Tool to find unknowns in a triangle. Resolving triangle equations allows to solve all unknowns in the triangle knowing only 2 or 3 caracteristic values.

Unknowns in Triangle - dCode

Tag(s) : Geometry

dCode is free and its tools are a valuable help in games, puzzles and problems to solve every day!

You have a problem, an idea for a project, a specific need and dCode can not (yet) help you? You need custom development? *Contact-me*!

Sponsored ads

Tool to find unknowns in a triangle. Resolving triangle equations allows to solve all unknowns in the triangle knowing only 2 or 3 caracteristic values.

Considering the three sides \( a \), \( b \) and \( c \) are known in the triangle.

Calculation formula for the 3 angles, the area and the perimeter are:

$$ \alpha = \arccos\left( \frac{b^2+c^2-a^2}{2bc} \right) $$

$$ \beta = \arccos\left( \frac{c^2+a^2-b^2}{2ca} \right) $$

$$ \gamma = \arccos\left( \frac{a^2+b^2-c^2}{2ab} \right) $$

$$ \mathcal{A} = \frac14\sqrt{(a+b+c)(a+b-c)(-a+b+c)(a-b+c)} $$

$$ \mathcal{P} = a+b+c $$

Considering one angle \( \gamma \) and its adjacent sides \( a \) and \( b \) are known in the triangle.

Calculation formula for the 2 other angles, the opposite side, the area and the perimeter are:

$$ c = \sqrt{a^2+b^2-2ab\cos\gamma} $$

$$ \alpha = \frac\pi2 - \frac\gamma2 + \arctan\left(\frac{a-b}{(a+b)\tan\frac\gamma2}\right) $$

$$ \beta = \frac\pi2 - \frac\gamma2 - \arctan\left(\frac{a-b}{(a+b)\tan\frac\gamma2}\right) $$

$$ \mathcal{A} = \frac12 ab\sin\gamma $$

$$ \mathcal{P} = a+b+\sqrt{a^2+b^2-2ab\cos\gamma} $$

Considering 1 angle \( \beta \), its adjacent sides \( c \) and the opposite side \( b \) are known in the triangle.
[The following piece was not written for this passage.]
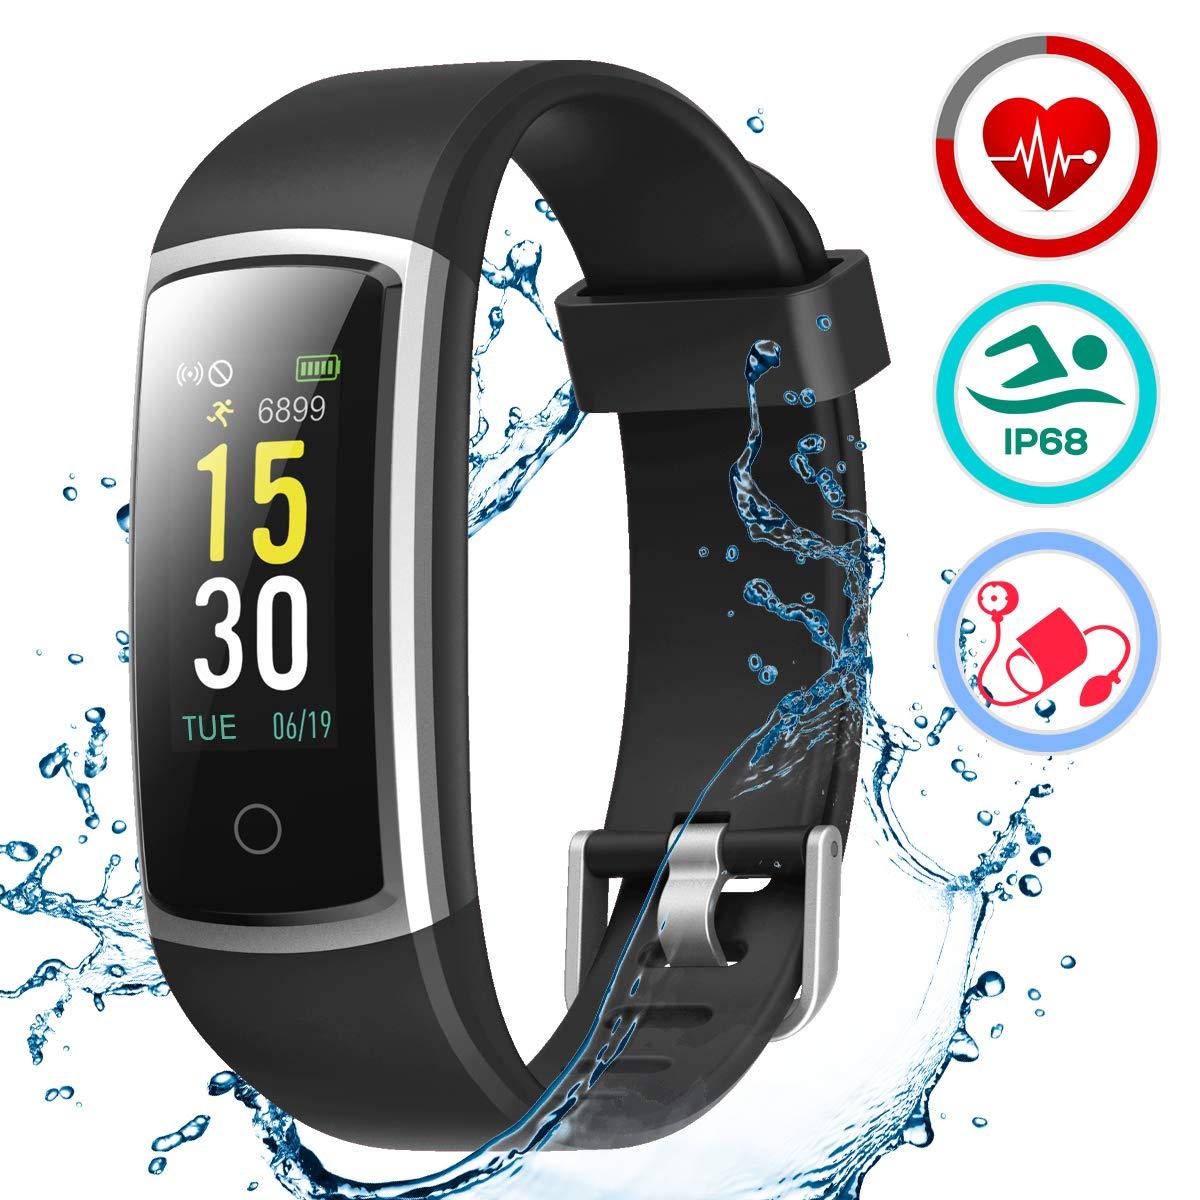 LATEC Fitness Armband mit Pulsmesser, IP68 Wasserdicht Fitness Trackers Farbbildschirm Aktivitätstracker Fitness Uhr Smartwatch

If \( \beta \) is acute and \( b < c \) then calculation formula for the 2 other angles, the last adjacent side, the area and the perimeter are:

$$ a = c\cos\beta-\sqrt{b^2-c^2\sin^2\beta} $$

$$ \gamma = \pi-\arcsin\left(\frac{c\sin\beta}b\right) $$

$$ \alpha = -\beta + \arcsin\left(\frac{c\sin\beta}b\right) $$

$$ \mathcal{A} = \frac 12 c\left(\sqrt{b^2-c^2\sin^2\beta}-c\cos\beta\right)\sin\beta $$

$$ \mathcal{P} = c\cos\beta-\sqrt{b^2-c^2\sin^2\beta}+b+c $$

If \( \beta \) is not acute or if \( b >= c \) then calculation formula for the 2 other angles, the last adjacent side, the area and the perimeter are:

$$ a = \sqrt{b^2-c^2\sin^2\beta}+c\cos\beta $$

$$ \alpha = \pi-\beta-\arcsin\left(\frac{c\sin\beta}b\right) $$

$$ \gamma = \arcsin \left(\frac{c\sin\beta}b\right) $$

$$ \mathcal{A} = \frac 12c\left(\sqrt{b^2-c^2\sin^2\beta}+c\cos\beta\right)\sin\beta $$

$$ \mathcal{P} = \sqrt{b^2-c^2\sin^2\beta}+c\cos\beta+b+c $$

Considering the 2 angles \( \alpha \) and \( \beta \) and their common side \( c \) are known in the triangle.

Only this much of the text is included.